К тому же, однажды приняв кого-нибудь как своего, она уже не ощущала никакой перегородки между ним и собою, между своим и его. Библиотекарь говаривал мне, что всегда, даже в раннем детстве, чувствовал себя у Эльки свободнее, чем в собственном доме. Там, в Элькином доме, он мог делать все, что Бог на душу положит, в любое время дня и ночи, и не только он сам, но и его добрые друзья, также причисленные ею к числу домашних, поскольку она видела его любовь к ним. Они встречались у Эльки, и когда споры продолжались заполночь и кому-нибудь из них не хотелось вставать и тащиться домой, он оставался ночевать в доме тетушки. В течение нескольких месяцев, когда у Янкеле Блюма не было ни полушки, если он, сунув руку в американский карман своих брюк, случайно находил в нем два с половиной гроша, то, надо полагать, они составляли часть доходов от «кастрюль, мисок и пепельниц», которые Элька украшала рельефами в своем маленьком склепике, именуемом всеми друзьями «Приют творца».

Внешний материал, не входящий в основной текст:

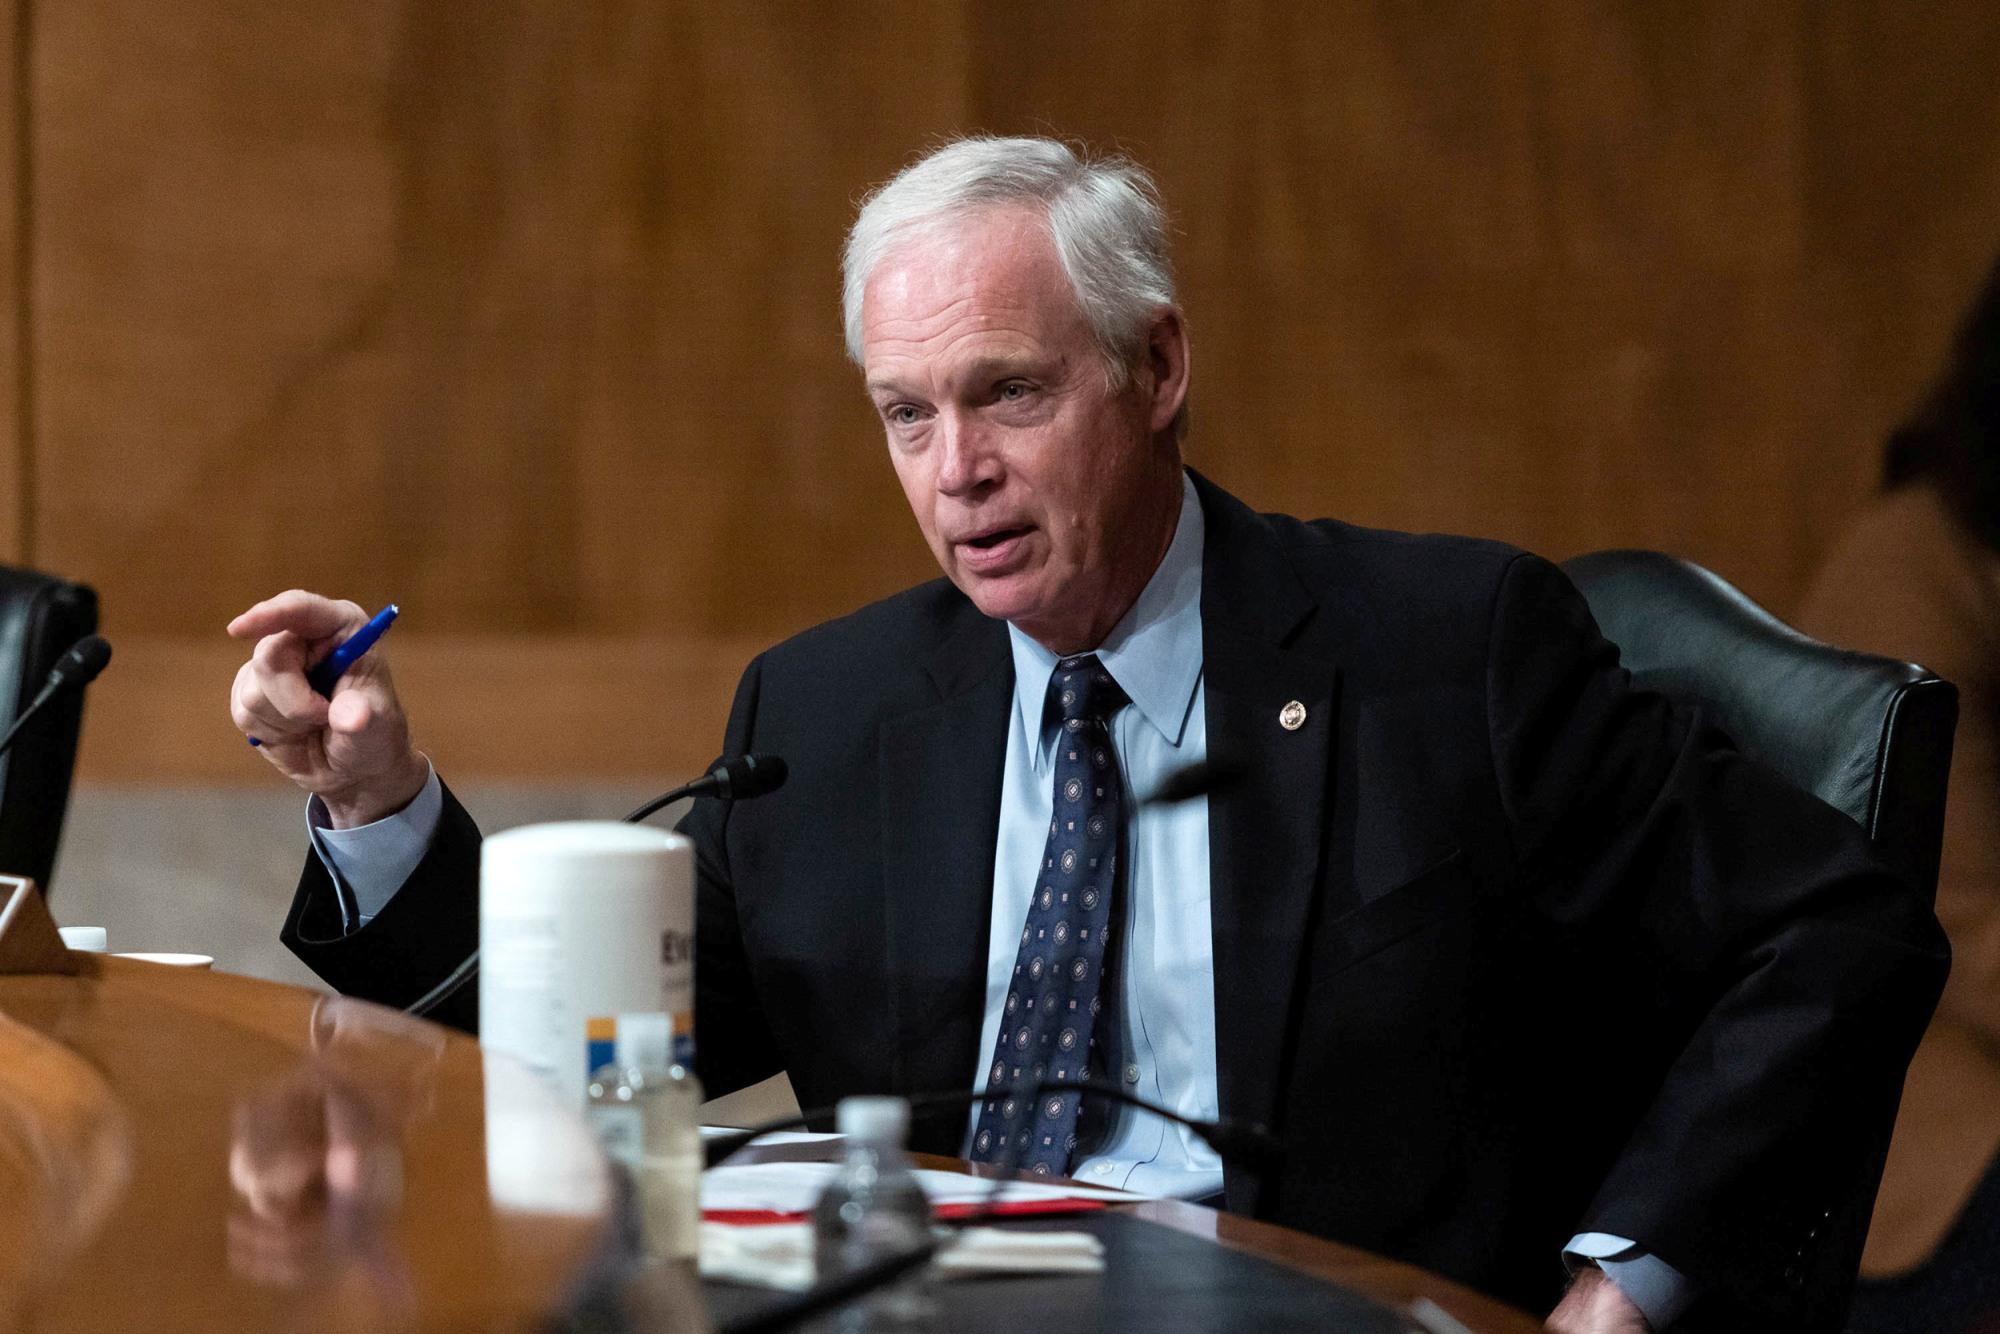 YouTube Suspends GOP Sen. Ron Johnson's Account for a Week Over Video Violating Coronavirus Misinformation Policies

По причине все того же отсутствия перегородок тетушка Элька могла явиться с визитом в самые странные часы, и вплоть до происшествия с адресом мать Срулика ни словом ей о том не обмолвилась и всегда радушно встречала,

не жалуясь на нарушенный распорядок дня. Однако гораздо хуже нарушения домашнего распорядка было «влезание Эльки в печенки», как утверждала мать библиотекаря с момента их разрыва (а когда сердилась, то обвиняла обеих, Эльку и Этель, объединяя под прозвищем «старые девы»), Рахели была весьма чувствительна к посягательствам на свою территорию. И так же, как она не выносила чужого копания в своей душе, она не терпела никакого чужого прикосновения к своему телу. Поэтому каждая поездка в автобусе или, например, стояние в очереди за билетами в кино превращались для нее в ад с того момента, как чужие потные тела начинали ее толкать. Всякая теснота пробуждала в ней одновременно с брезгливостью и тошнотой острое желание убежать и спрятаться в собственном закутке. «Но от Элькиного влезания в печенки нет спасения», — утверждала она все годы. Как внезапный порыв бури появляется «старая дева» в доме и «немедленно лезет вам прямо в глотку» — поскольку Элька хочет пить после ходьбы, она сразу же подходит к Рахелиному стакану с чаем и бесцеремонно, будто это что-то само собой разумеющееся, делает из него большой глоток. Пока она пьет, ее взгляд падает на новую блузку, лежащую на кушетке, и она тут же устремляется к ней, чтобы примерить ее перед зеркалом. На кухне она пробует еду из кастрюли, и, если у нее в зубах застряли крошки, она не задумываясь воспользуется Рахелиной зубной щеткой. Рахели, конечно, не выказывала никаких знаков раздражения, но когда буря проносилась, она выплескивала остатки чая в раковину и наливала себе другой стакан, засовывала новую блузку в корзину с грязным бельем и выбрасывала зубную щетку в помойное ведро. Зубная щетка принадлежала к ее наиболее интимным предметам, и, кроме мужа, она никому не позволяла ею пользоваться, даже собственным детям. Им Рахели говорила еще до разрыва:

— Не учитесь у тети Эльки и не идите по ее стопам. В ней есть анархический дух. Жизнь — это не произвол.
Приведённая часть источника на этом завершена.